Parte 3
Em casa, Michael era gentil e atencioso. Ele me perguntava sobre meu trabalho, enchia minha taça de vinho e se lembrava dos pequenos detalhes do meu dia.
Comecei a entender que ele não havia sido negligente.
Ele era habilidoso.
Ele sabia como fazer duas mulheres se sentirem escolhidas ao mesmo tempo.
Três semanas depois de ver sua foto na mesa de Maya, Sarah entrou com o pedido de divórcio.
Michael foi atendido em seu local de trabalho.
Quatro minutos depois, ele me ligou.
Deixei o telefone tocar.
Então ele enviou uma mensagem:
*Precisamos conversar.*
Eu respondi:
Meu advogado entrará em contato com você.

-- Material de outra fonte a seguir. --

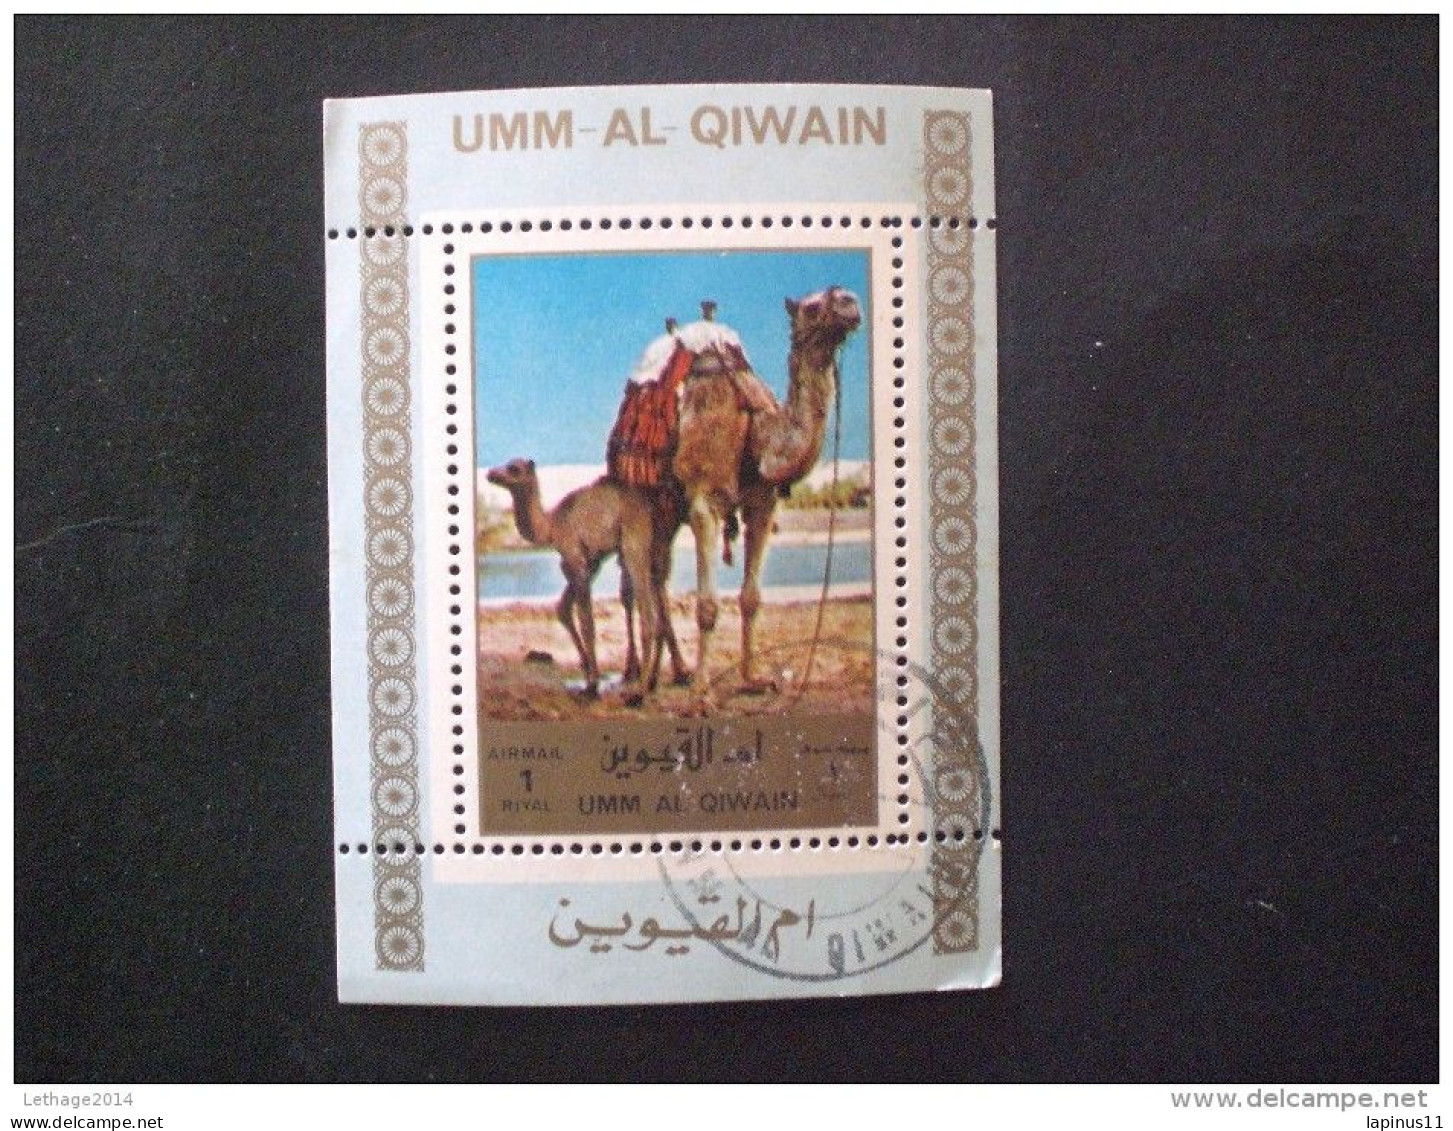 PRINTS ARAB EMIRATES UMM AL-QIWAN 1972 Airmail - Animals - Umm Al-Qaiwain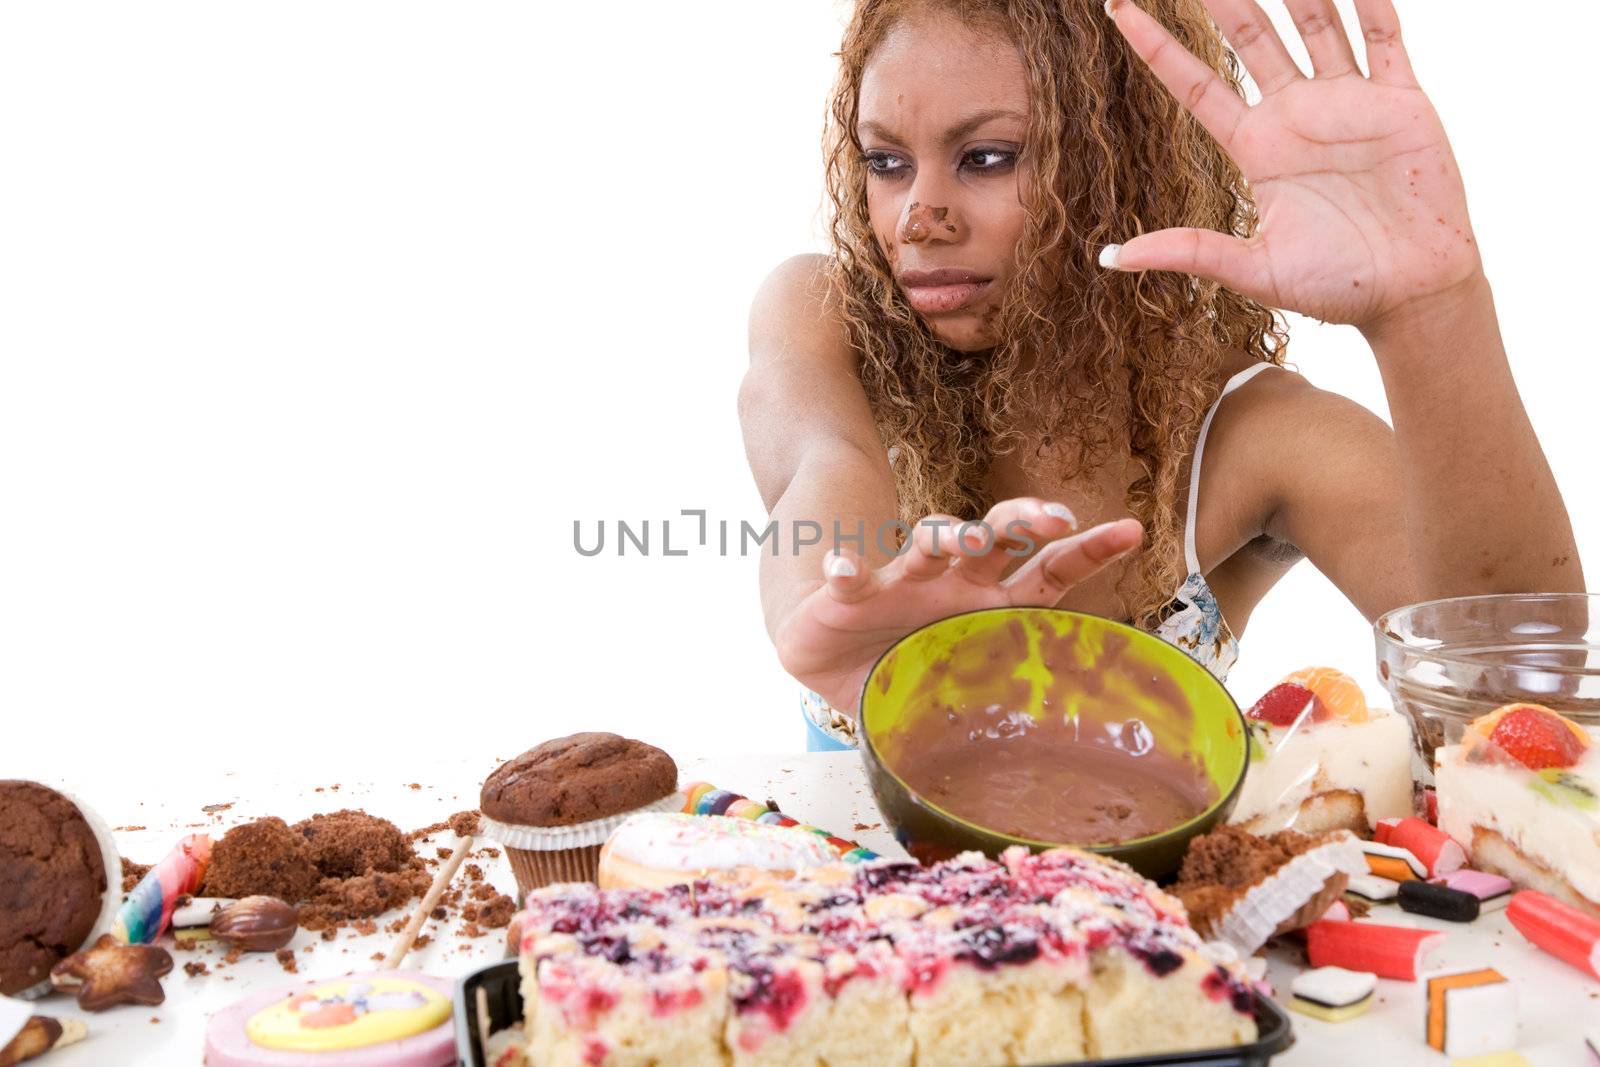 Pretty black girl pushing away the food she has just eaten

Na manhã seguinte, Maya apareceu no escritório sem o anel.
Ela estava pálida e silenciosa.
Eu não sabia o que Michael tinha lhe contado. Talvez fosse a verdade. Talvez fosse mais uma mentira.
Eu não perguntei.
Naquela tarde, levei-lhe café e coloquei-o ao lado do teclado.
Ele olhou para cima.
Nenhum de nós mencionou o nome dele.
“Obrigada”, disse ela.
“Claro”, respondi.
O divórcio durou oito meses.
Investigações financeiras revelaram que Michael usou fundos mútuos para jantares, hotéis, viagens e joias ligadas a Maya. Também descobriram rendimentos que ele havia ocultado em uma conta comercial separada.
Sarah lidou com cada rejeição de forma calma e precisa.
No fim, fiquei com o apartamento, minhas contas de investimento e um acordo que levava em conta tanto o casamento quanto a má gestão financeira.
Maya rompeu o noivado assim que a verdade se tornou inegável.
No dia em que assinamos os documentos finais, Sarah me levou para jantar no mesmo restaurante do West Village onde Michael e eu tínhamos ido depois do nosso casamento na prefeitura.
“Você é a pessoa mais serena que já vi em uma situação de crise”, disse ele.
Não tinha certeza se aquilo era um elogio.
Depois, voltei para o apartamento que finalmente era meu.
Fiquei parada no corredor olhando para a nossa foto de casamento.
Então eu abandonei.
Não com bengala.
Simplesmente porque eu não queria mais passar pelas provações de uma vida que nunca foi como eu imaginava que seria.
Preparei um café e sentei-me junto à janela, observando a cidade movimentar-se lá embaixo.
Pela primeira vez em meses, consegui vislumbrar os contornos do que estava por vir.
Não
Mas isso já basta.
Eu tinha um emprego no qual era bom.
Uma casa que já não precisava de fingimento.
Um melhor amigo que me ajudou a me proteger.
E eu havia aprendido algo importante sobre minha força interior.
Ele estava calmo.
Ele não gritou.
Ele não precisava de plateia.
Meses depois, Maya apareceu na minha mesa.
"Você vem?", ele me perguntou, e eu sabia que ele estava falando sério.
"Estou bem", eu disse.
E, pela primeira vez, eu realmente quis dizer isso.
Nunca nos tornamos amigas íntimas, mas nos tornamos algo autêntico: duas mulheres que ouviram a mesma mentira e que encontraram a verdade de maneiras diferentes.
O escritório se estendia ao nosso redor.
Os telefones tocaram.
Café preparado.
As pessoas estavam digitando.
A maturata terminou.
É isto que ninguém te diz quando a tua vida desmorona.
Continua.
E, eventualmente, você também conseguirá.